# Heart Disease ML Pipeline (UCI) — Notebooks

These notebooks implement a full pipeline on the **UCI Heart Disease** dataset using your requested loader:

```python
from ucimlrepo import fetch_ucirepo
heart_disease = fetch_ucirepo(id=45)
X = heart_disease.data.features
y = heart_disease.data.targets
```

> Bonus items (Streamlit/Ngrok) are intentionally **omitted** per the request.

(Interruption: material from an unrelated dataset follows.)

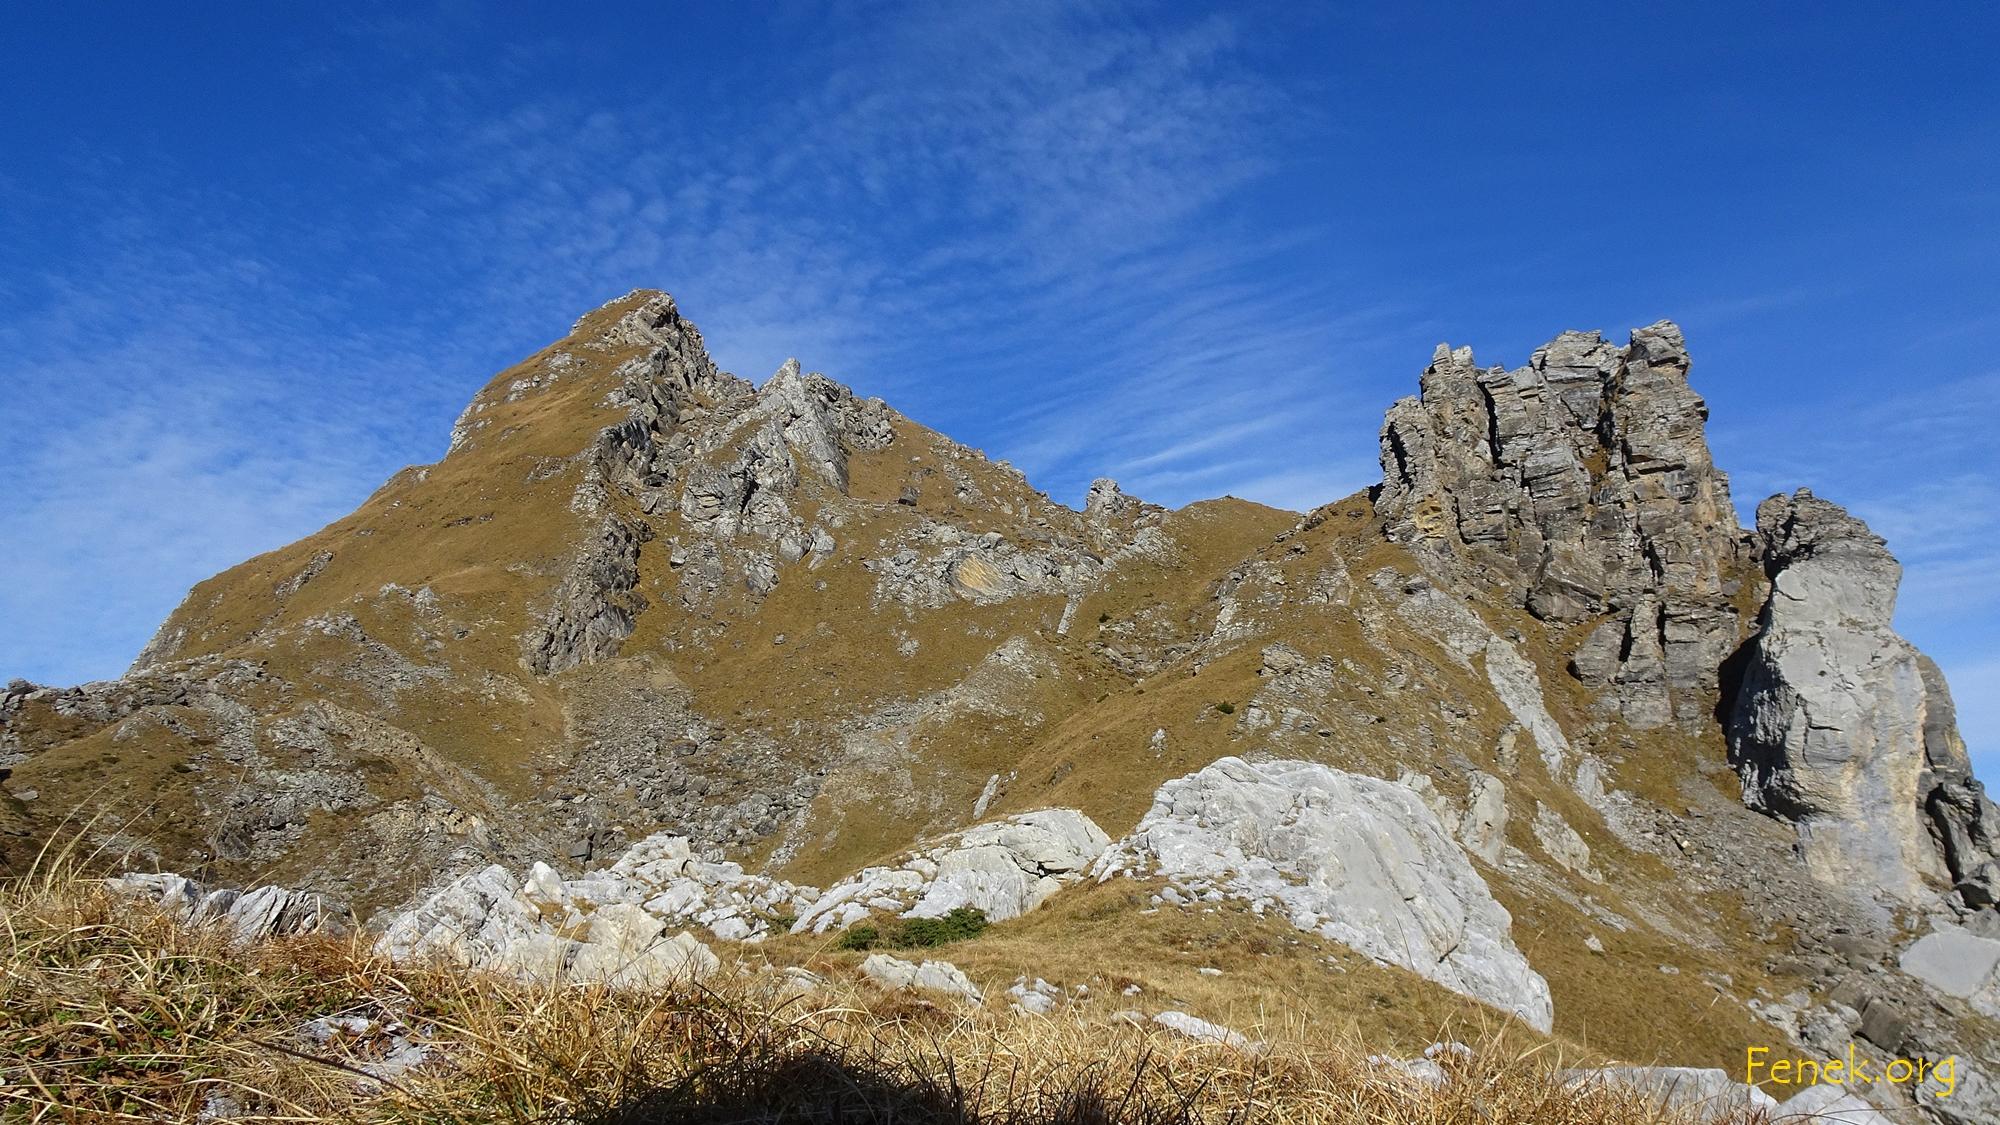 Der Berg vor mir - ich freue mich auf das Steilgras

## 05 — Unsupervised Learning (Clustering)

- K-Means (elbow method)
- Agglomerative (hierarchical) clustering + dendrogram
- Optional: Compare cluster labels with true labels (ARI, NMI)

In [2]:
import numpy as np
import pandas as pd
import matplotlib.pyplot as plt
from sklearn.cluster import KMeans, AgglomerativeClustering
from sklearn.metrics import adjusted_rand_score, normalized_mutual_info_score
from scipy.cluster.hierarchy import dendrogram, linkage

# Load processed arrays
X_train = np.load("../data/X_train.npy")
X_test  = np.load("../data/X_test.npy")
y_train = np.load("../data/y_train.npy")
y_test  = np.load("../data/y_test.npy")

X = np.concatenate([X_train, X_test], axis=0)
y = np.concatenate([y_train, y_test], axis=0)

# KMeans elbow
inertias = []
K = range(1, 11)
for k in K:
    km = KMeans(n_clusters=k, n_init=10, random_state=42)
    km.fit(X)
    inertias.append(km.inertia_)

plt.figure()
plt.plot(list(K), inertias, marker='o')
plt.title("K-Means Elbow Method")
plt.xlabel("k")
plt.ylabel("Inertia")
plt.savefig("../results/kmeans_elbow.png", dpi=150)
plt.close()

# Choose a default k=2 (presence/absence of disease) but this is exploratory
k = 2
km2 = KMeans(n_clusters=k, n_init=10, random_state=42)
clusters_km = km2.fit_predict(X)

# Hierarchical
Z = linkage(X[:500], method='ward')  # sample to speed up plots if large
plt.figure(figsize=(10, 5))
dendrogram(Z, truncate_mode="level", p=5)
plt.title("Hierarchical Clustering Dendrogram (truncated)")
plt.xlabel("Samples")
plt.ylabel("Distance")
plt.tight_layout()
plt.savefig("../results/hierarchical_dendrogram.png", dpi=150)
plt.close()

# Compare with ground truth (optional, since clustering is unsupervised)
ari = adjusted_rand_score(y, clusters_km)
nmi = normalized_mutual_info_score(y, clusters_km)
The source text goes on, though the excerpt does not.